How to Study Imagination: Methodological Suggestions

Once we bring to the front a class of psychological phenomena that deal with non-existing objects we need new methodologies able to deal with the ethical, aesthetic and affective relationship with the world implied in the notion of Gegenstand. This goal cannot be achieved through reductionist approaches (both physiological and linguistic) but requires the study of complexes of signs and products of human activity.

Such a methodological framework must include a multidimensional view of cultural-personal processes. First, one must consider the nature of the subject (person, social group, community, institution) and its functional extension (how it establishes ties with environment). If we understand the subject as “immersed” in the environment, we take for granted the responsive nature of establishing such ties. Of course, it is impossible for an open system to not relate to its environment. Nevertheless, the selective ways of establishing these ties (e.g., what the subject strives or ignores) are the relevant information about the subject understood as a pre-adaptive system.

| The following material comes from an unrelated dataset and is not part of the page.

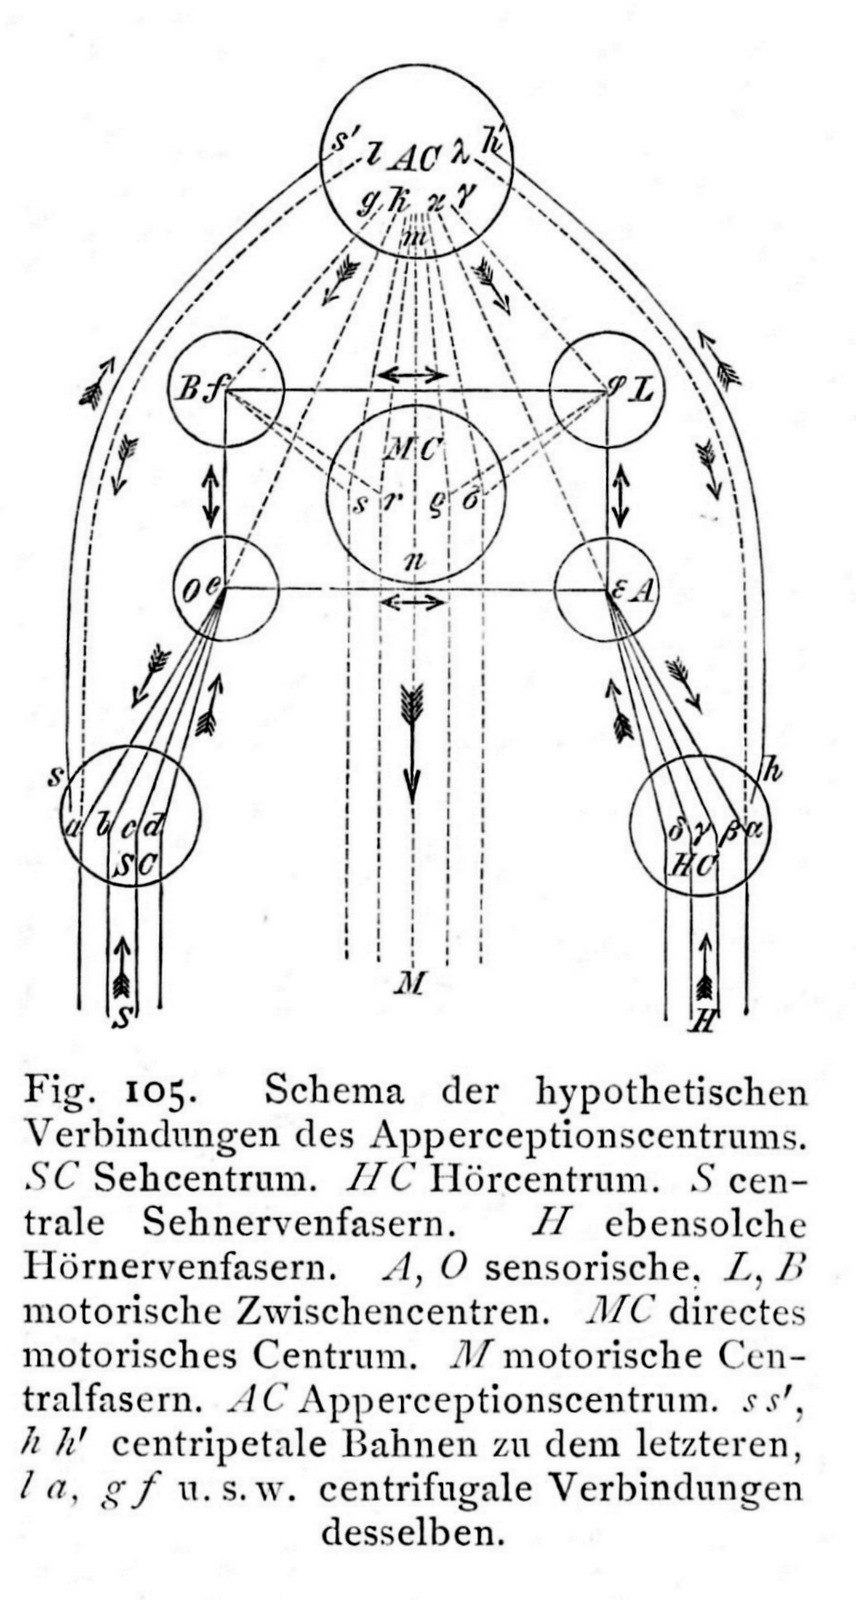 Apperzeptionszentrum (Wundt, Grundzüge, 1903, 5th ed. Vol. 1, p. 324)

Second, the nature of the environment (structured, quasistructured, random, etc.) must be accounted in order to understand the kind of constraints and affordances.

Third, the expectations - encoded both into the psyche and the environment - of different “social others” that are expected to orient the subject-environment relations. These can include the immediate actions and the forms of resistance of the Gegenstand (both persons and objects) as they form social suggestions embedded in the material culture, spaces, practices and social representations.

Finally, we must account for the interaction between the future-goalorientations of the subject, dealing with oneself, with the structure of the environment and the social guidance [21]. New reflexive orientations are re-appreciating research methods that have been neglected, such as introspection [30], autoethnography [31], diffusionism [32] and phenomenology [33]. These can represent a starting point to develop new methods for accounting for the socio-cultural and individual dimensions of imagination as well as for the imaginative logic.

Conclusion

I have tried to argue that imaginative processes are a fundamental part of the psyche. Though neglected for a long time by psychological sciences, imagination is at work in all forms of human experiencing. The main obstacle to the understanding of imagination is represented by the established opposition with rationality and the received view of imagination as a form of attenuated sensation. To overcome this unfruitful conception, it is first necessary to adopt a different perspective on the way mind relates to the world through the future-oriented, goaldirected and value-guided processes of meaning-making. The problem of the correspondence between mental processes and reality is difficult to afford if we remain trapped in an oppositional or a representational views. For this sake, I have briefly outlined the current approach of cultural psychology in his semiotic dynamics perspective [21], in which the ideas of directionality, pre-adaptation and Gegenstand provide an interesting grounding for a new look at imaginative processes. Aquinas’ famous claim: “Nihil est in intellectu quod non prius in sensu” could be reversed, by the light of the argument I have presented, in “Nihil est in intellectu quod non prius in imaginatio”. Imaginative processes produce the conditions for both experiencing and acting upon the world as well as the self-regulative semiotic tools that guide meaningmaking of uncertainty. Human beings experience meaningful others and objects in function of their future-oriented and goal-directed systems of meaning rather than just producing meaning as a response to the demands of the environment. This is the reason for imaginative processes to play a crucial role in human problem solving, as a source of comparison, suggestions, guidance but also resistance and, finally, self-regulation [1].

1For a more detailed history of the development of the notion of Gegenstand from German philosophy [21].